Kernel extreme learning machine (KELM)

KELM generalize extreme learning machines (ELM) by transforming their explicit activation function to an implicit mapping function (Shi et al. 2014; Chen et al. 2014). Given N training samples (x j , t j ),  j = 1, ⋯, N, the KELM is expressed as an optimization model:

$$ {\displaystyle \begin{array}{l}\min \kern1.5em \left\{\frac{1}{2}{\left\Vert \boldsymbol{\upbeta} \right\Vert}^2+\frac{C}{2}\sum \limits_{i=1}^N{\xi}_j^2\right\}\\ {}\mathrm{subject}\kern0.5em \mathrm{to}\kern1em \mathbf{m}{\left({\mathbf{x}}_j\right)}^{\mathrm{T}}\cdot \boldsymbol{\upbeta} ={t}_j-{\xi}_j\end{array}} $$
(7)

where β denotes a vector in the feature space F, C denotes the regularization coefficient, m(x i ) maps the input x j to a vector in F, and ξ j denotes the error (Wang and Han 2014).

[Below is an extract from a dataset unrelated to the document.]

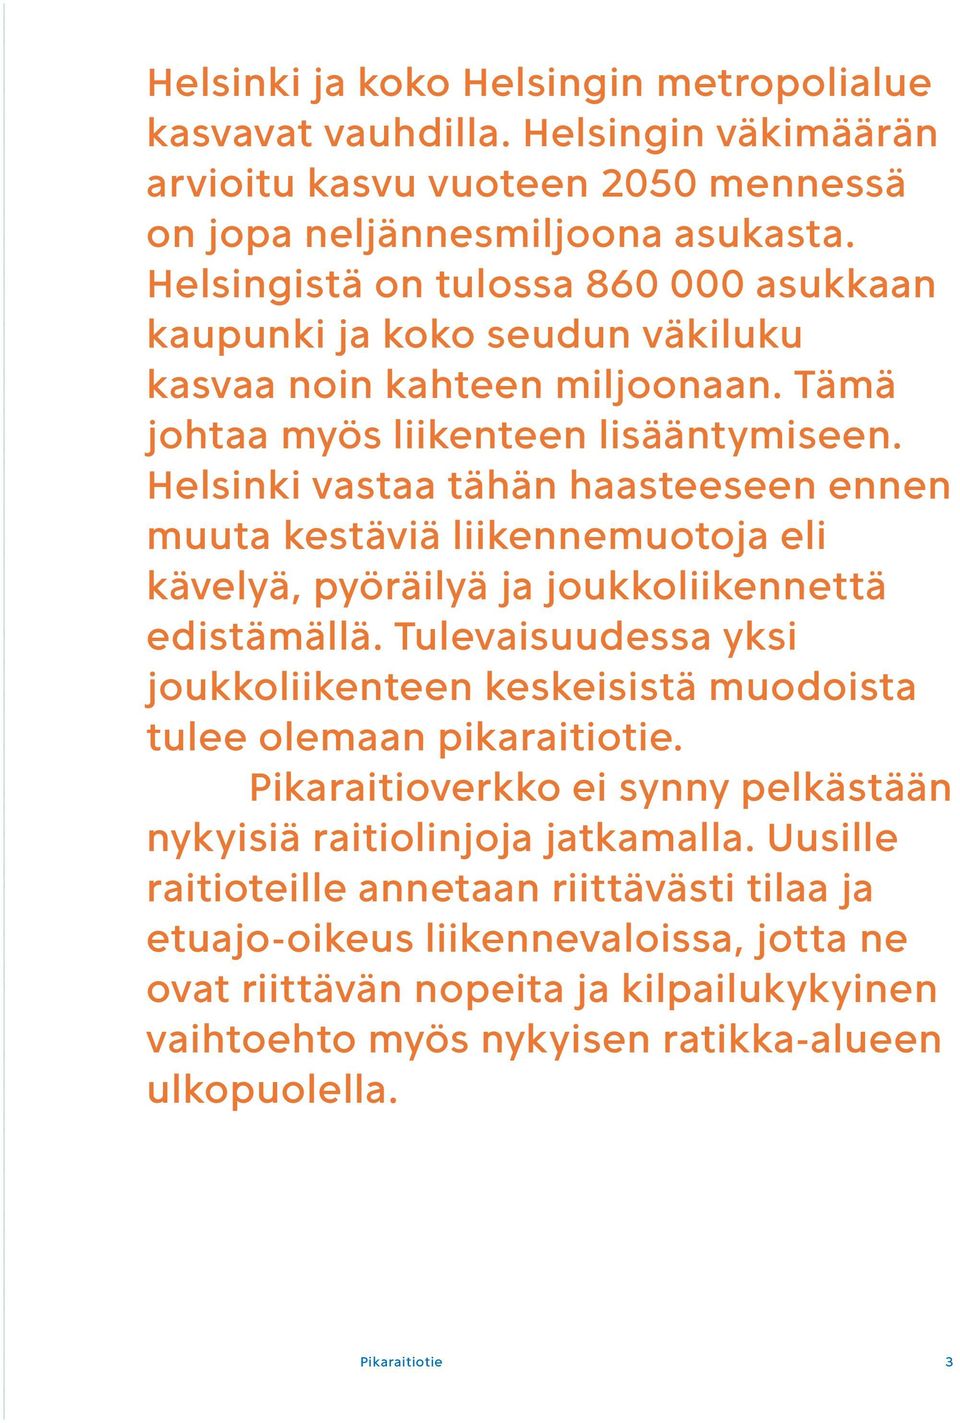 Helsinki vastaa tähän haasteeseen ennen muuta kestäviä liikennemuotoja eli kävelyä, pyöräilyä ja joukkoliikennettä edistämällä.

The optimization problem can be transformed into Lagrange dual (L D) form

$$ {L}_D=\frac{1}{2}{\left\Vert \boldsymbol{\upbeta} \right\Vert}^2+\frac{C}{2}\sum \limits_{j=1}^N{\xi}_j^2-\sum \limits_{j=1}^N{\theta}_j\left(\mathbf{m}{\left({\mathbf{x}}_j\right)}^{\mathrm{T}}\cdot \boldsymbol{\upbeta} -{t}_j+{\xi}_j\right) $$
(8)

where θ j is the jth Lagrange multiplier. This problem can be computed by exploiting the KKT optimality conditions (Jiang et al. 2015).

The kernel matrix of the ELM can be defined as

$$ {\mathbf{K}}_{\mathbf{ELM}}={\mathbf{MM}}^{\mathrm{T}} $$
(9)

and

$$ {K}_{\mathrm{ELM}\left(i,j\right)}=\mathbf{m}{\left({\mathbf{x}}_i\right)}^{\mathrm{T}}\cdot \mathbf{m}\left({\mathbf{x}}_j\right)=K\left({\mathbf{x}}_i,{\mathbf{x}}_j\right) $$
(10)

where M is the mapping matrix of training sample inputs in the feature space F.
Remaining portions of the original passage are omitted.